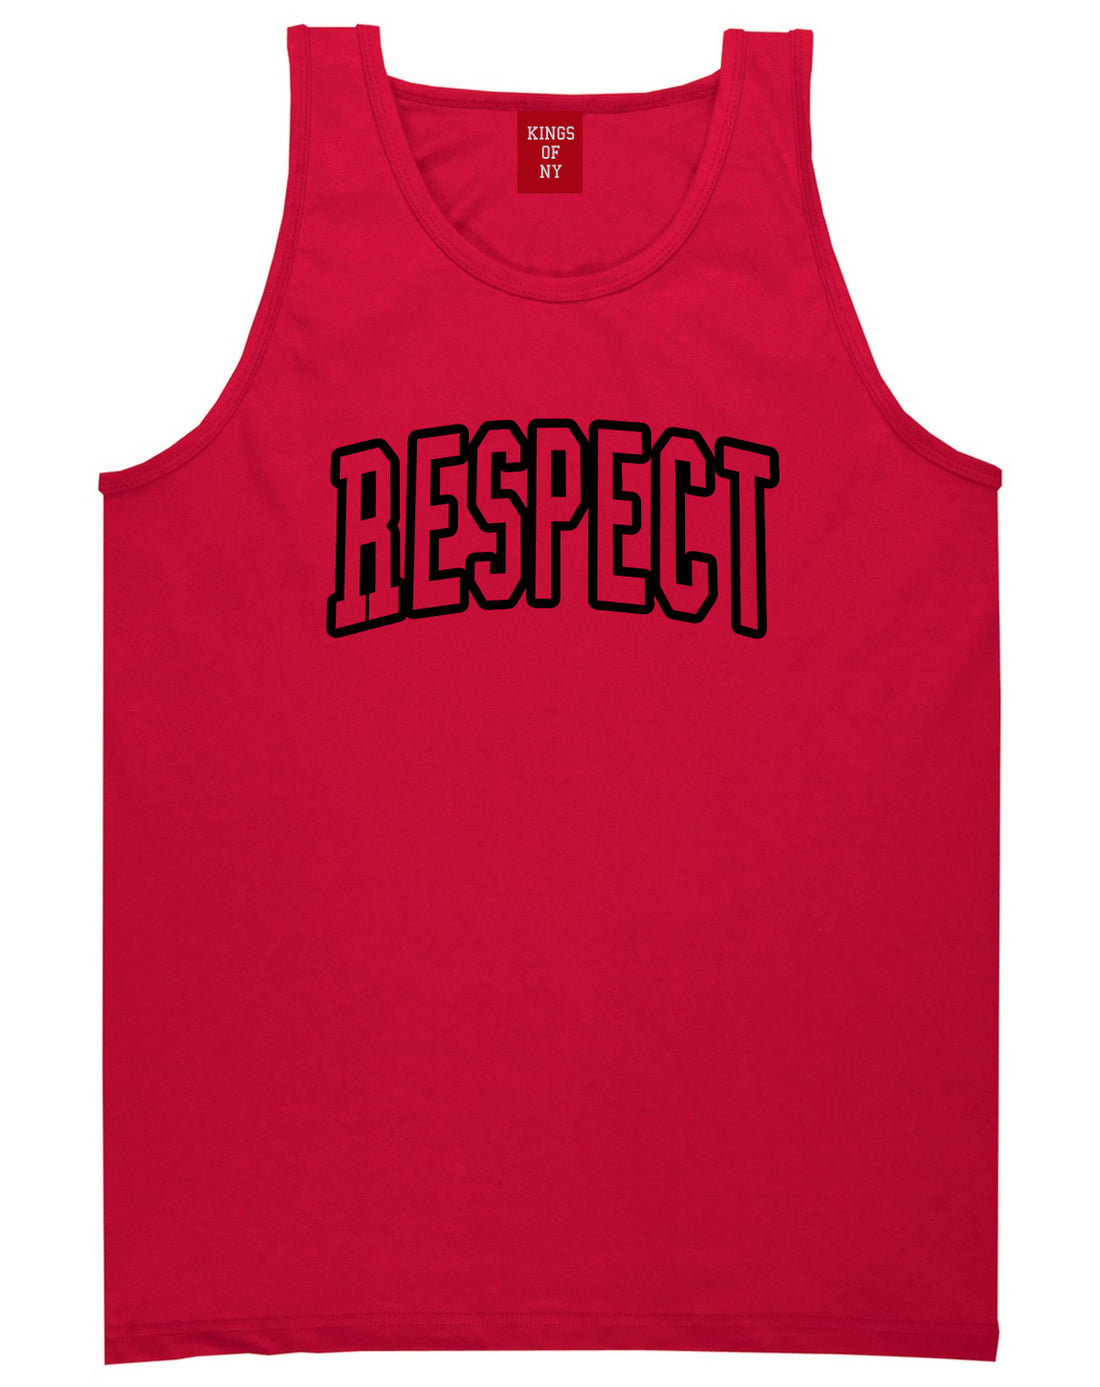 Respect Outline Mens Tank Top T-Shirt Red
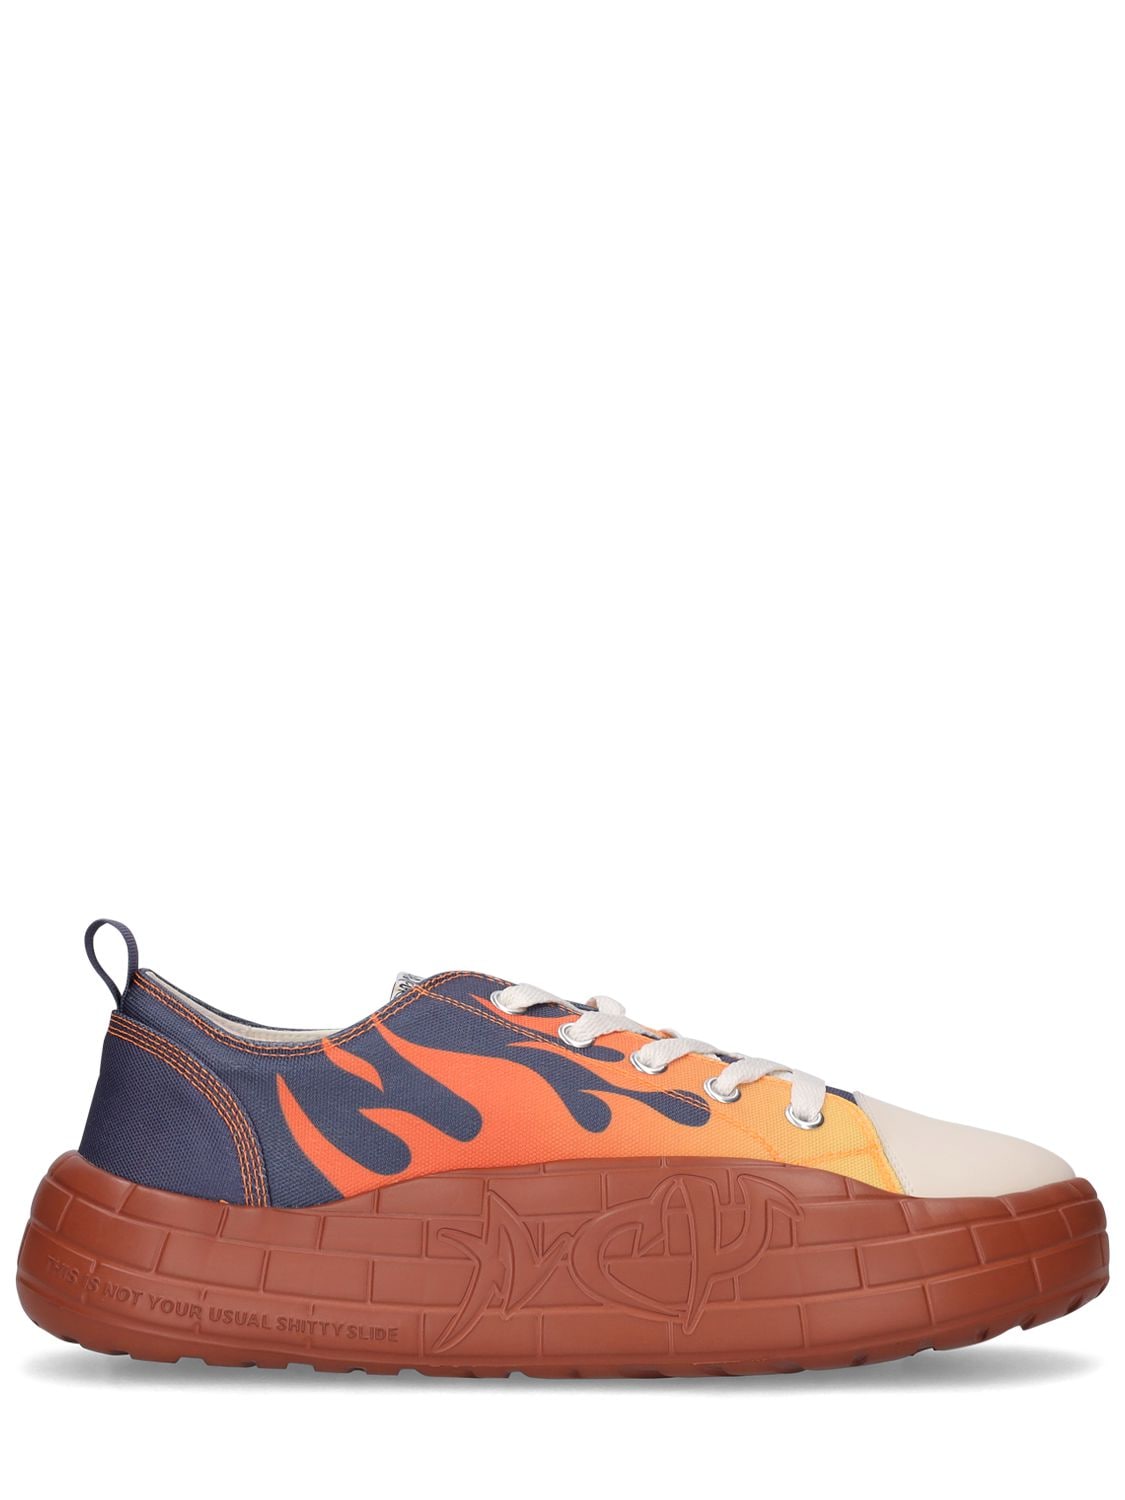 Acupuncture Nyu Vulc Flame Canvas Sneakers In Orange
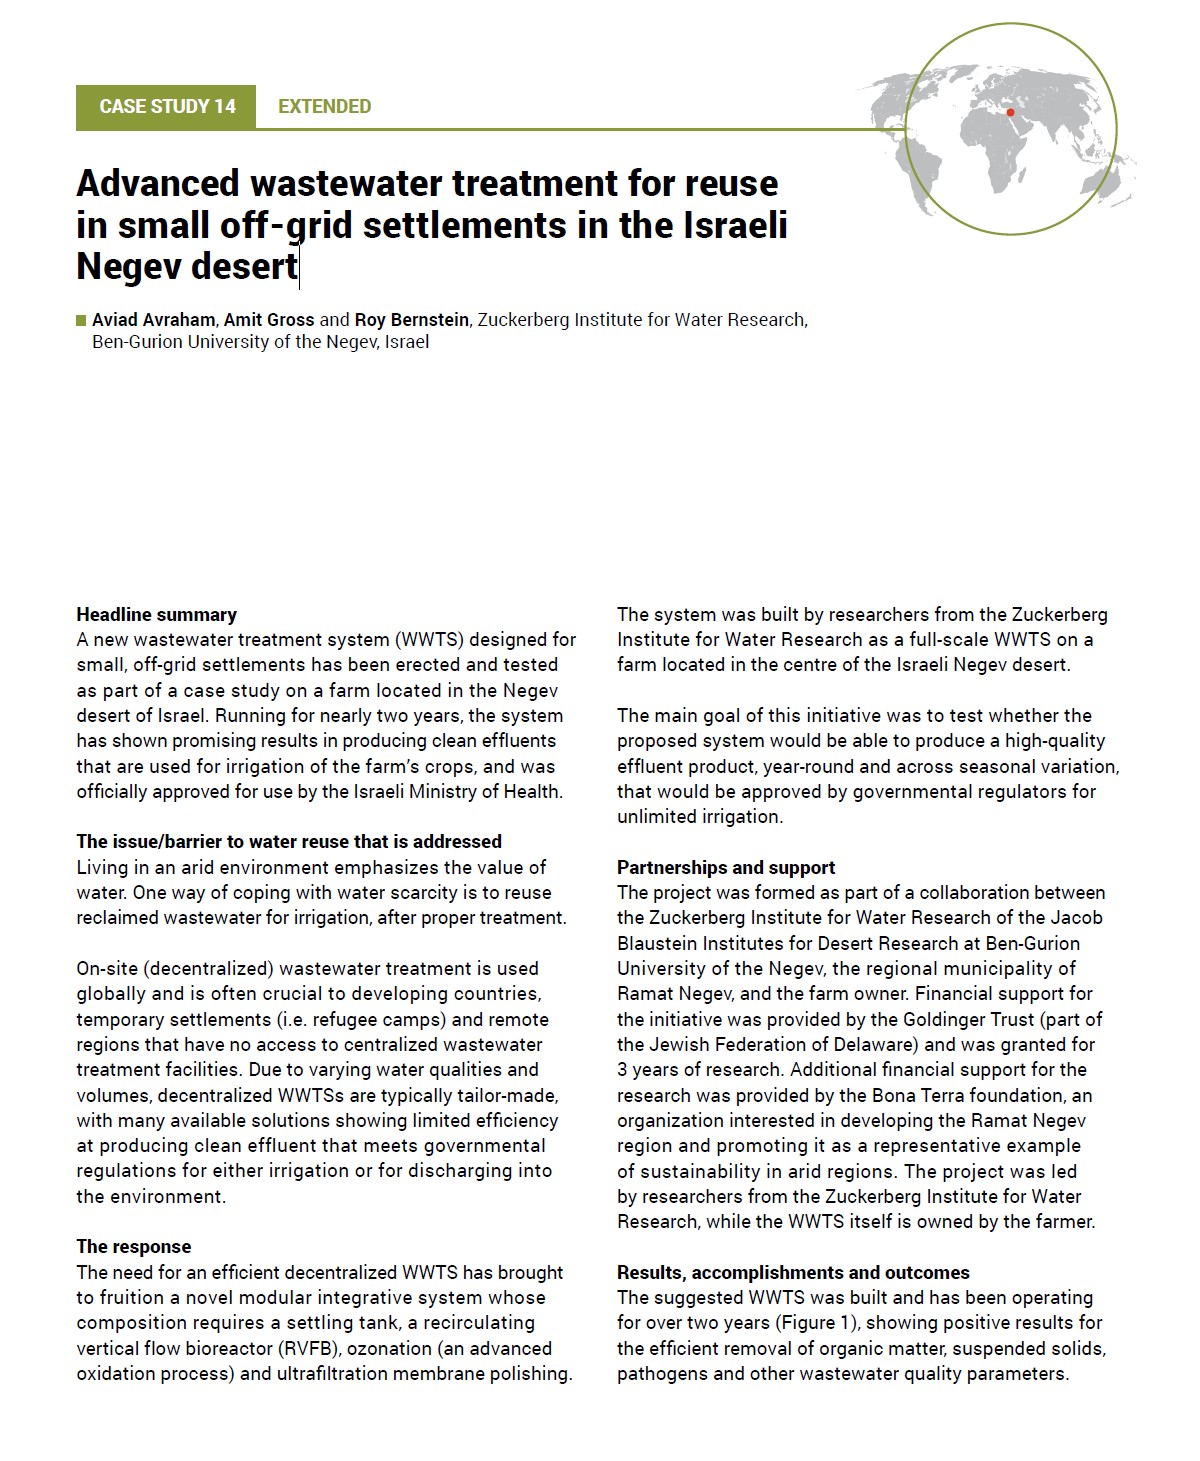 Case Study 14: Advanced wastewater treatment for reuse in small off-grid settlements in the Israeli Negev desert
——————————
Please write out the lines above exactly, from the one that contains "Acupuncture Nyu Vulc" through the final line, and include none of the pictures.

 Acupuncture Nyu Vulc Flame Canvas Sneakers In Orange
 Case Study 14: Advanced wastewater treatment for reuse in small off-grid settlements in the Israeli Negev desert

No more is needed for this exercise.